The nights were bitter cold and became slowly cooler as they carried on. More often than not at the coolest point of the night, in my thermal underwear, jeans, shirt, sweater, fleece throw, and sleeping bag I would have to curl up in the fetal position to really stay warm enough to sleep. At 7 AM that morning we woke up, cooked rice to share and packed up. This time packing the tent before cooking breakfast. We were slowly becoming noticeably dehydrated because we were running out of distilled water and had to fill our jugs with rainwater and unpurified water at the DOC sites. It also didn’t help that we were drinking scotch and that I had bought a bag of salted peanuts by mistake for us to eat as a hiking snack.


The break that we took on top of a mountain that day was the most memorable moment of the entire trip. we sat atop the mountain on a picnic table cooking water for coffee while everything around the summit was engulfed by thick, white, soft-looking clouds. It gave me the impression that we were sitting in the likeness of what Heaven would be like. We made over 15 km’s on this day and I set up camp at a DOC camping area while Tommy lagged behind. This is where Tommy gave it up.

After talking with Tommy for a while about the possibility of continuing for another day I was convinced that if I were to, it would be on my own. So, instead, we ate a large meal of potatoes, cheese, rice, peanuts, soy sauce, and one orange. Then we lit a fire from dry wood next to a no fire sign and shared some more of the Scotch. Eventually, we walked back up the hill to an area of cell reception and called the water taxi for the next day.

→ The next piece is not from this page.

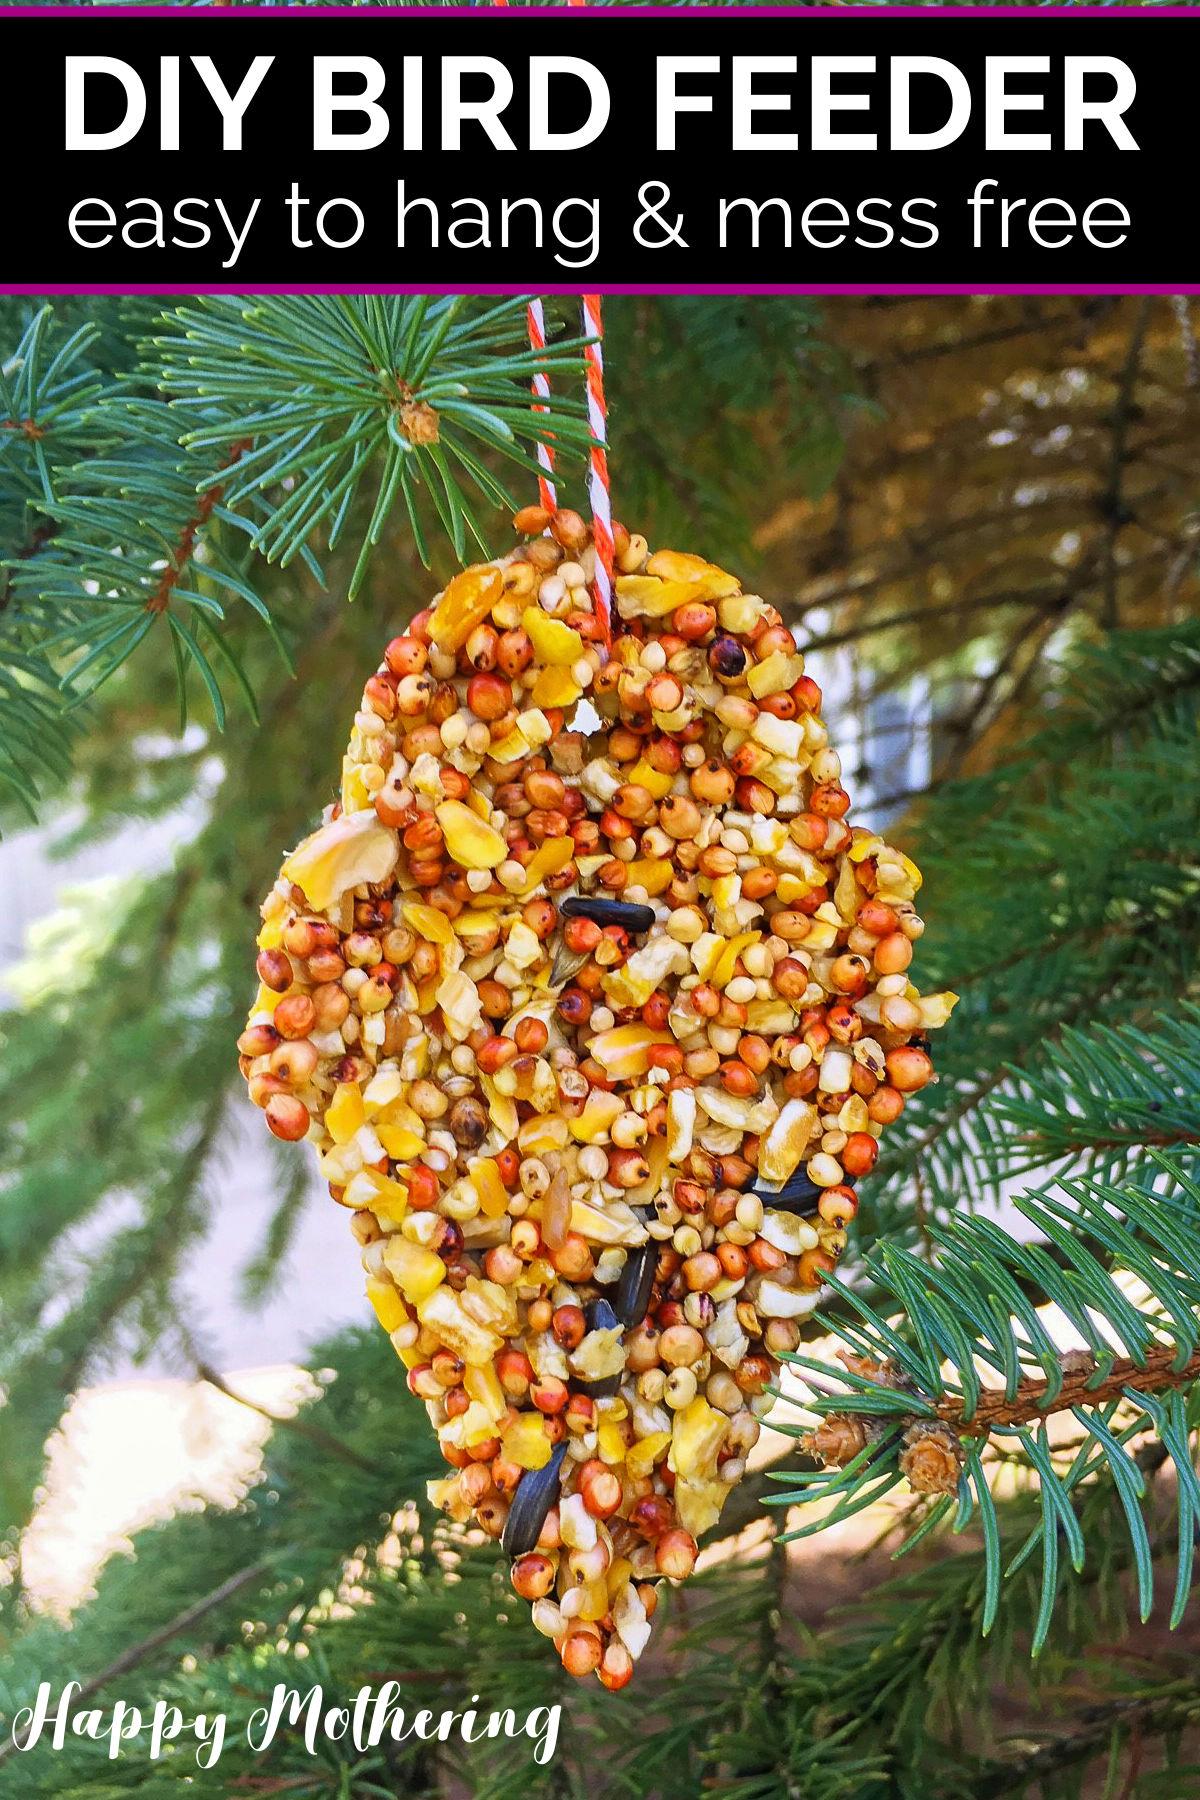 DIY birdseed bird feeder hanging from a pine tree

We were to arrive at Punga Cove in the Endeavor Inlet by 11:15 AM which I figured by map to be a 3-hour journey without considering Tommy’s ankle injury. So we went to bed early (I was asleep by 7 PM) and prepared to wake for 6 AM. Yet, I woke just after midnight and spent the next few hours listening to music on a broken Mp3 Player for which I only had one working headphone. I was thirsty and tired but unable to settle and after an hour of stirring, I finally fell asleep just before my alarm went off.

This was going to be the hardest length of the trip for us. It began dreadfully slow uphill. As my body began to warm up, I started to peel layer after layer of clothing from off myself. Tommy split his last orange with me which possibly alone soothed both my physical and mental state. By hillside I watched the sunrise and by 9:30 AM we had arrived at Punga Cove Resort and draped our broken bodies in a heap over the picnic tables at the edge of the water.

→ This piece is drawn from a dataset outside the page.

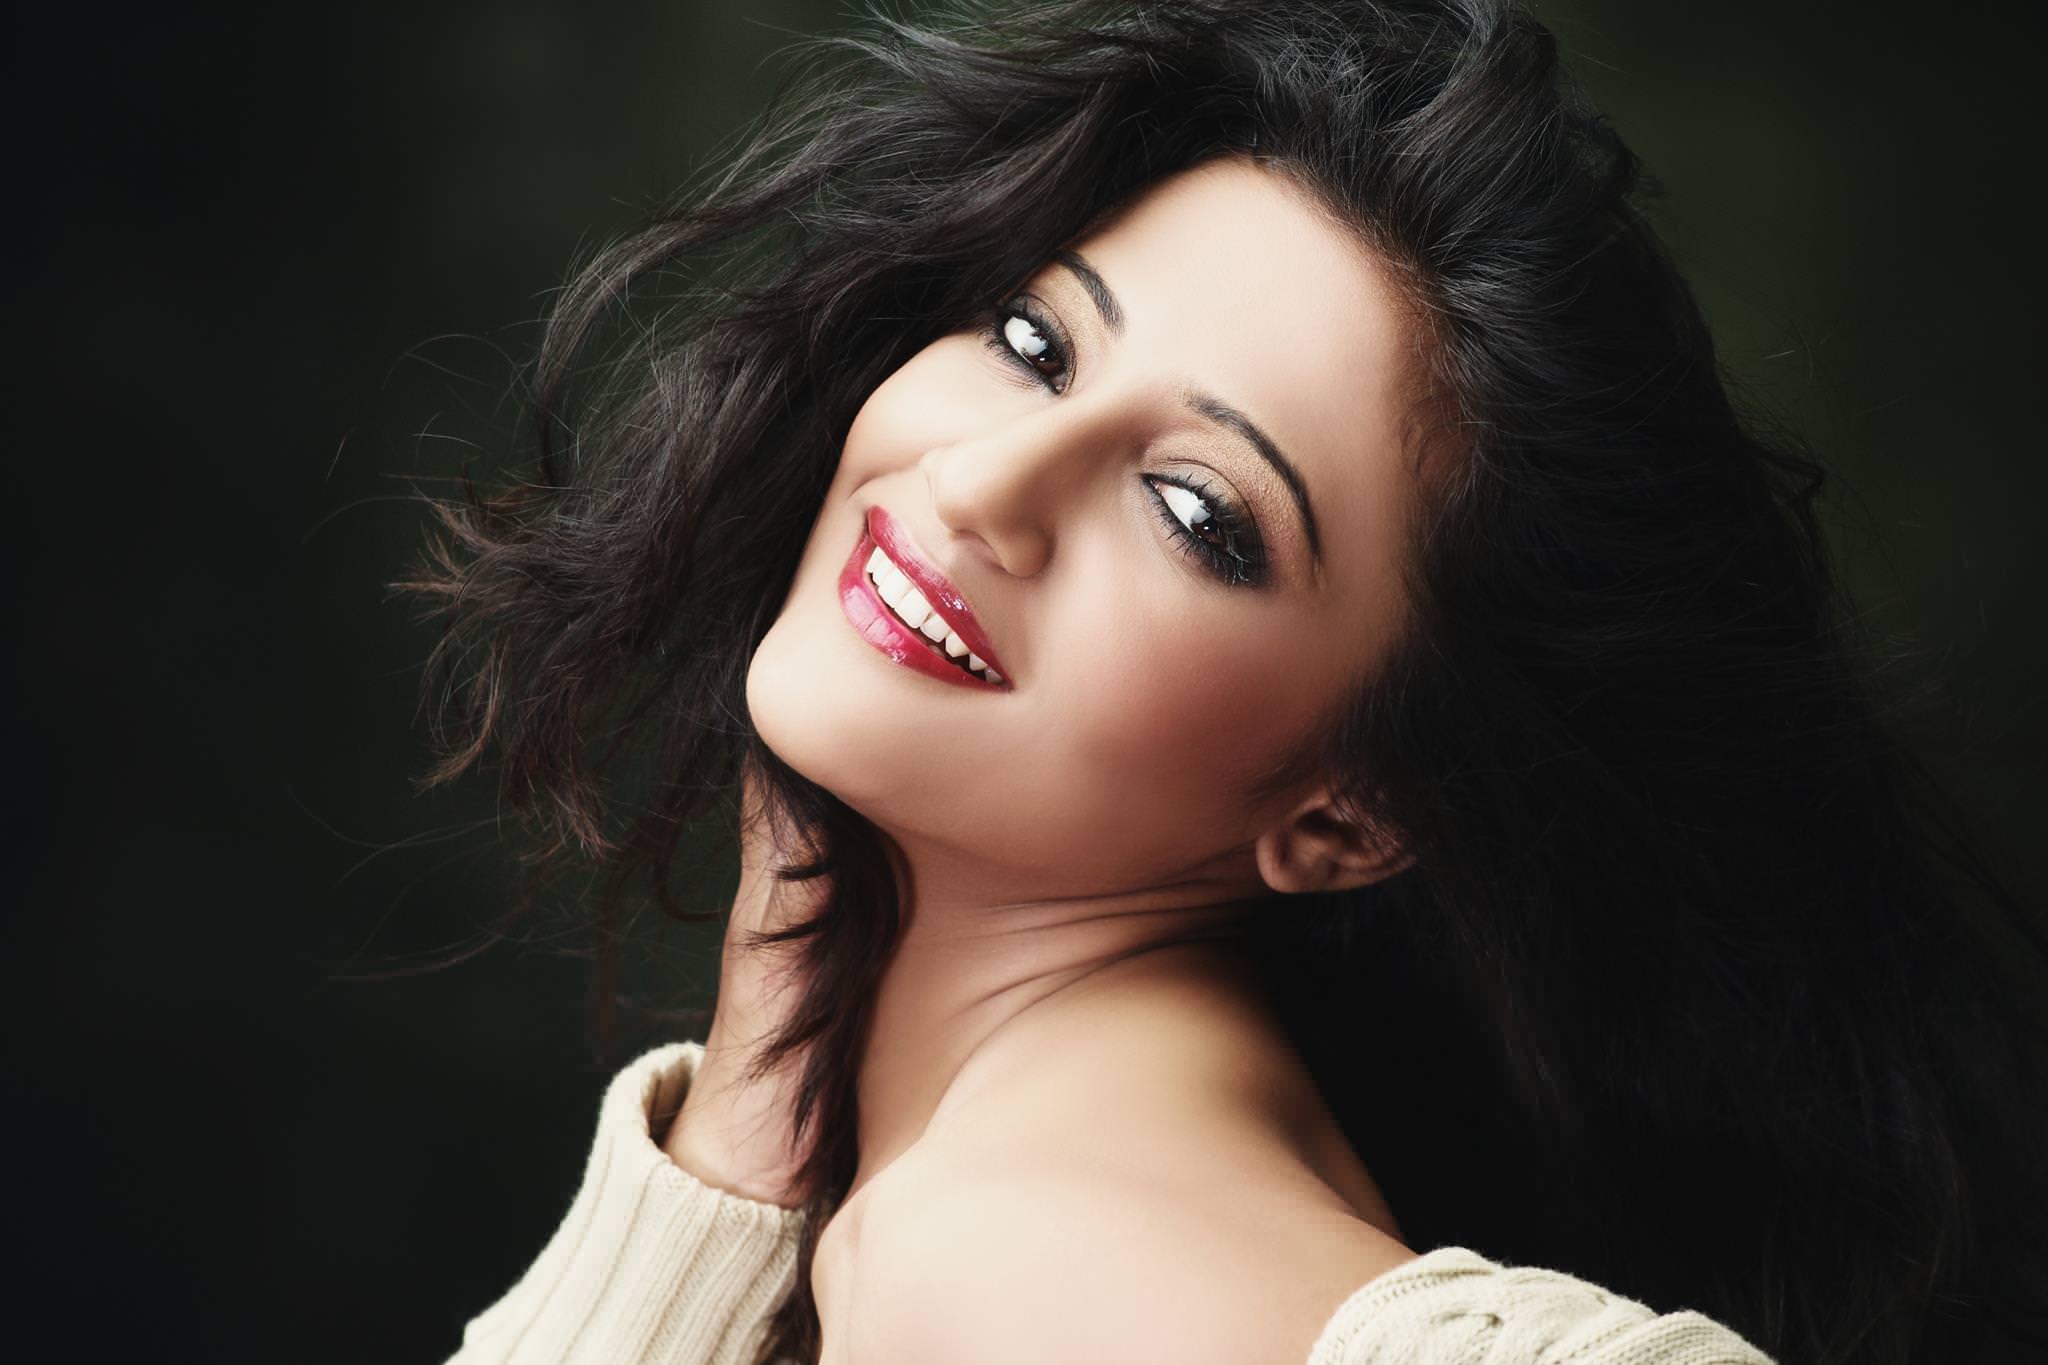 Radhika apte hot marathi bolly actress exposing her pussy - 1 part 1

When we finally made it back to Picton and into Atlantis backpacker’s I was happy and satisfied with having suffered through that hardship and enjoyed the comforts which we had denied ourselves on our journey. Everything tasted, felt and sounded better than it had before.”

Looking back on this entry, I can’t help but laugh at how foolish we were in some instances and how terrible the provisions were that we chose to take with us for those few days, but I think the fact that we were both absolute novices added to the experience of the whole thing.

Also, tips for anyone who is deciding to take a multi-day hike into the woods with a limited supply of water; try to stay away from salty foods like salted peanuts, soy sauce, cheese, etc. Perhaps try bringing some foods which don’t need to be boiled every time that you want to eat too like those potatoes and rice. Haha.

It was one of my more memorable experiences from my two years abroad, and I’m glad to still have all of those pictures to go with it.

Have you ever done a multi-day hike? What sort of food or equipment would you suggest for such a journey? I’d love to hear your opinions.